At least five people have been killed after Hurricane Debby slammed into Florida before weakening to a tropical storm. Debby is expected to bring heavy flooding to parts of Georgia and the Carolinas in the coming days. The National Hurricane Center warned of a “life-threatening” flood threat as the “slow-moving storm” drops “torrential rains.” Debby made landfall on Monday morning as a category one hurricane in the Big Bend region of Florida’s Gulf Coast.
Authorities reported that the deceased included a 13-year-old boy who was killed when a tree fell onto a mobile home in Levy County, near Gainesville. In Hillsborough County, an 18-wheel lorry veered into a canal during the storm, with the driver found dead. In Dixie County, just west of Gainesville, a woman and a 12-year-old were killed when their car crashed on Sunday night. In southern Georgia, a 19-year-old died after a large tree fell onto a porch at a home in Moultrie.
The slow-moving pace of the storm could bring “catastrophic flooding,” according to Jamie Rhome, the deputy director of the hurricane center. Debby’s waves and strong winds also blew 25 packages of cocaine, worth more than $1 million, ashore in the Florida Keys, according to the US Border Patrol.

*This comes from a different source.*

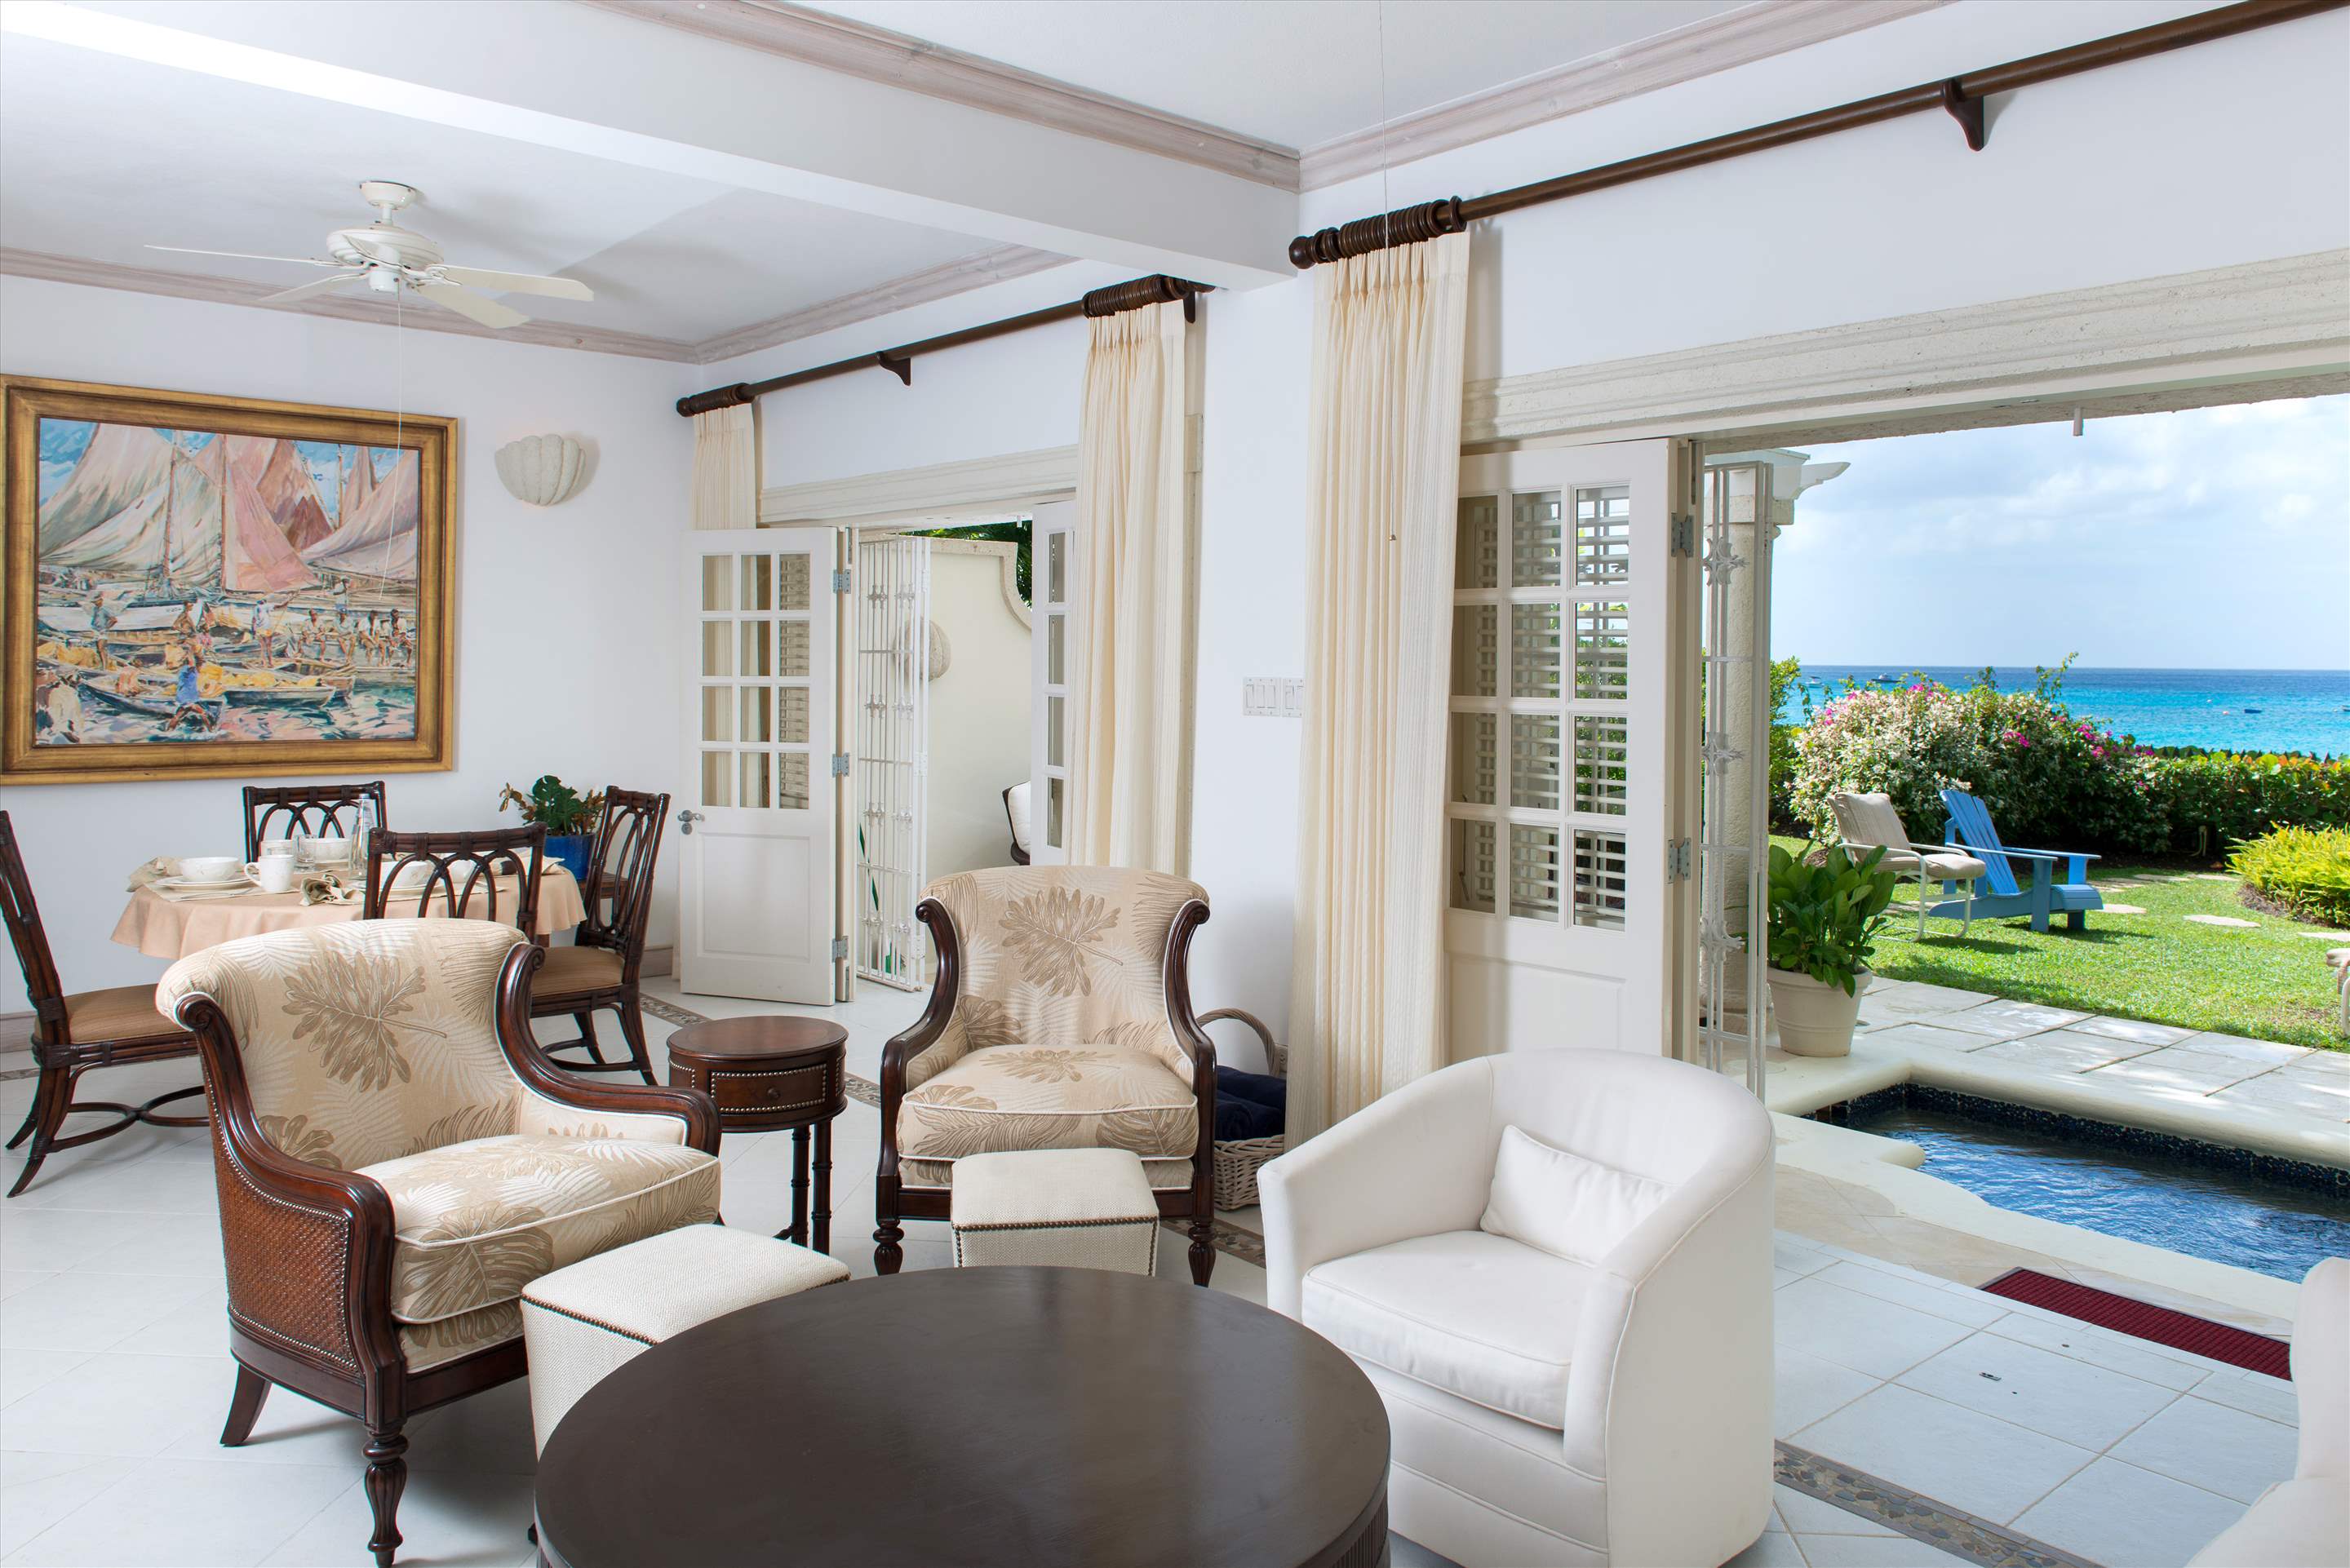 Chanel no.5, 3 bedroom villa in St. James & West Coast, Barbados Photo #3

In Florida, some 150,000 homes and businesses were without power on Monday night. Another 36,000 residents in Georgia and South Carolina were experiencing outages. The storm is forecast to skim the coast, drenching southeast Georgia and the Carolinas on Tuesday and Wednesday, before moving inland near the South Carolina coast on Thursday.
Before the storm made landfall, Florida Governor Ron DeSantis declared a state of emergency for 61 of Florida’s 67 counties.
Spyridon Aibejeris said that repairs on his Keaton Beach home had just wrapped up two weeks ago from Hurricane Idalia, a category three storm that made landfall last summer. “Man, I’ve done this so many times,” Mr. Aibejeris said.
Forecasters predicted this hurricane season, which runs from June 1 to November 30, would be a busy one. The National Oceanic and Atmospheric Administration (NOAA) said there could be up to 25 named storms in 2024, with between 8 and 13 potentially developing into hurricanes. Debby was the fourth named storm of the year.
It is thought that climate change may be making slow-moving hurricanes like this more likely. As the world heats unevenly, changes in atmospheric circulations that steer storms across the planet become more frequent, contributing to the development of such storms.